Department: Electrical & Computer Engineering
Faculty Advisor(s): Mohan M. Trivedi

Primary Student
Name: Kevan Chun Yiu Yuen
Email: kcyuen@ucsd.edu
Phone: 858-226-4600
Grad Year: 2016

Abstract
In this work, we focus on the interior activities of the driver under real world scenarios. We train a near real-time deep CNN multi-view hand and face detector while simultaneously estimating discrete yaw angle of the head pose. The hand detector may be used for tracking the driver's behaviors to determine if he is driving normally (e.g. hands on wheel) or engaged/distracted in another activity (e.g. texting on a phone, adjusting the GPS/radio/instruments).
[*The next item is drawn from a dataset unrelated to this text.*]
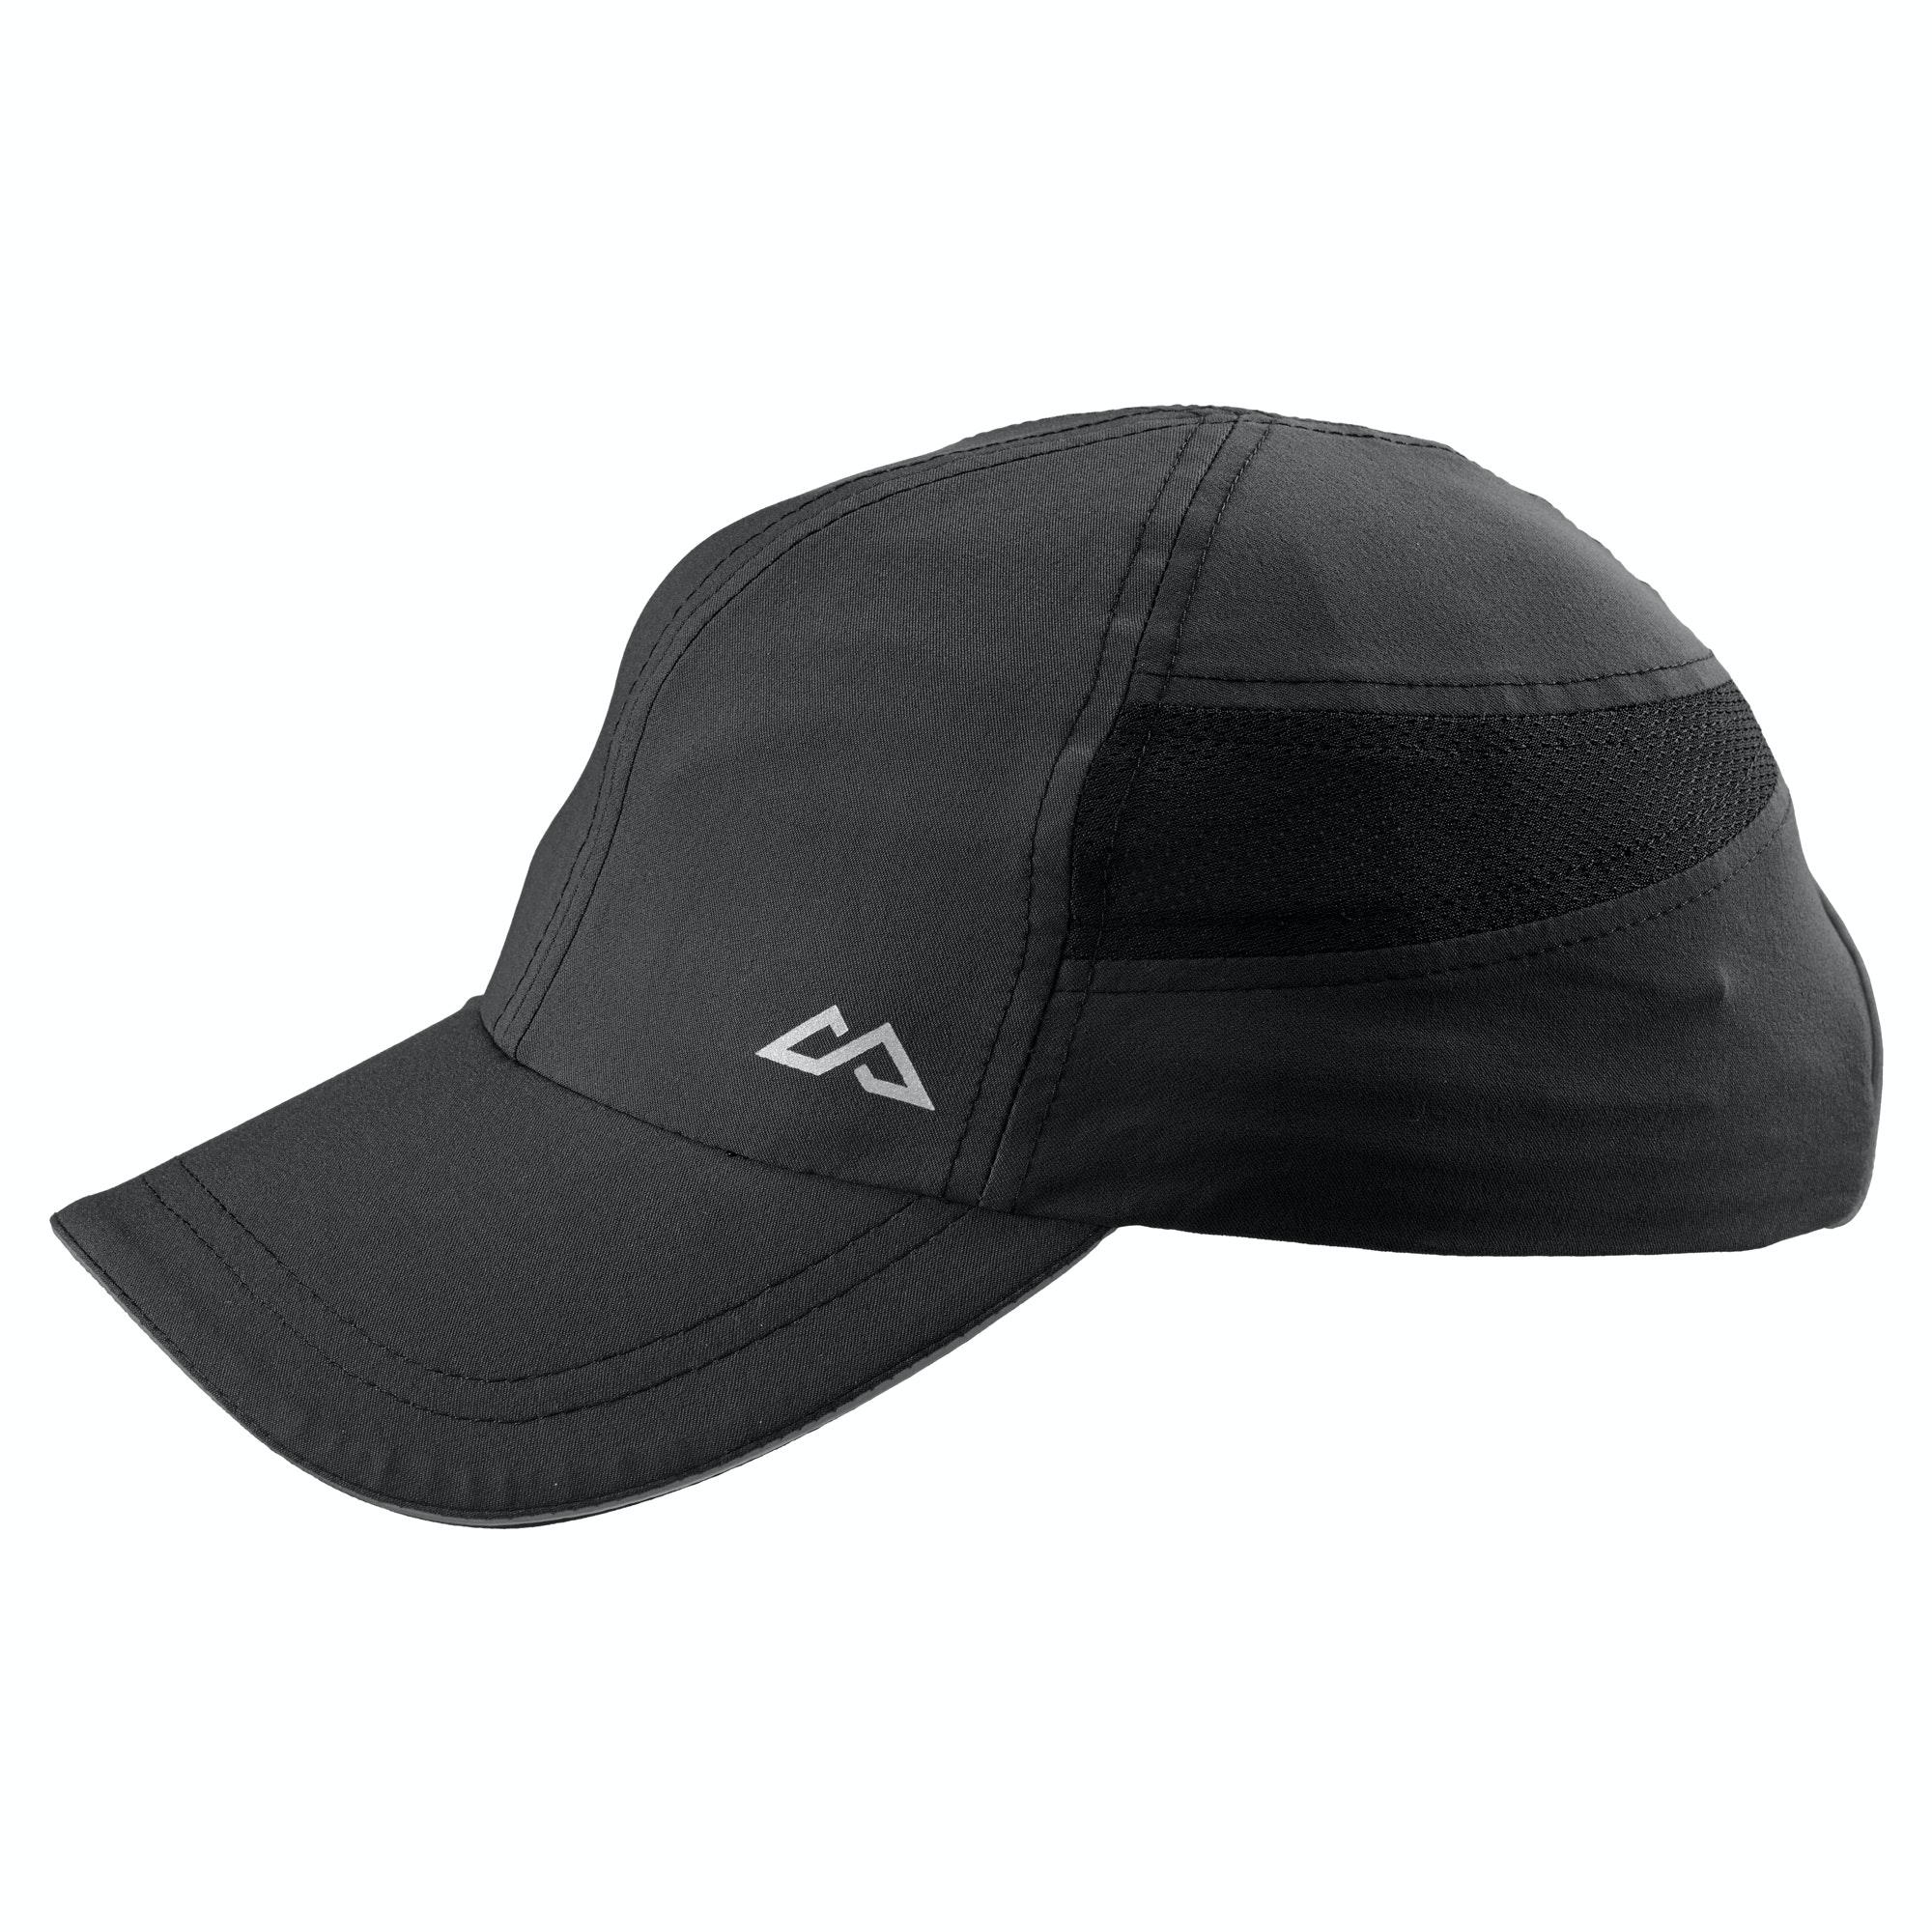 Active Cap v4

The face detector and coarse head pose estimation allows for the system to determine in which direction the driver is looking towards and will be able to warn the driver if they are not paying attention to critical areas while driving. Because the system also estimate the head pose of the detected face, it can also be used as an excellent initialization for landmark localization algorithms. We will also examine the effects of training with augmented data with occlusion and harsh lighting conditions in which a driver's face may encounter.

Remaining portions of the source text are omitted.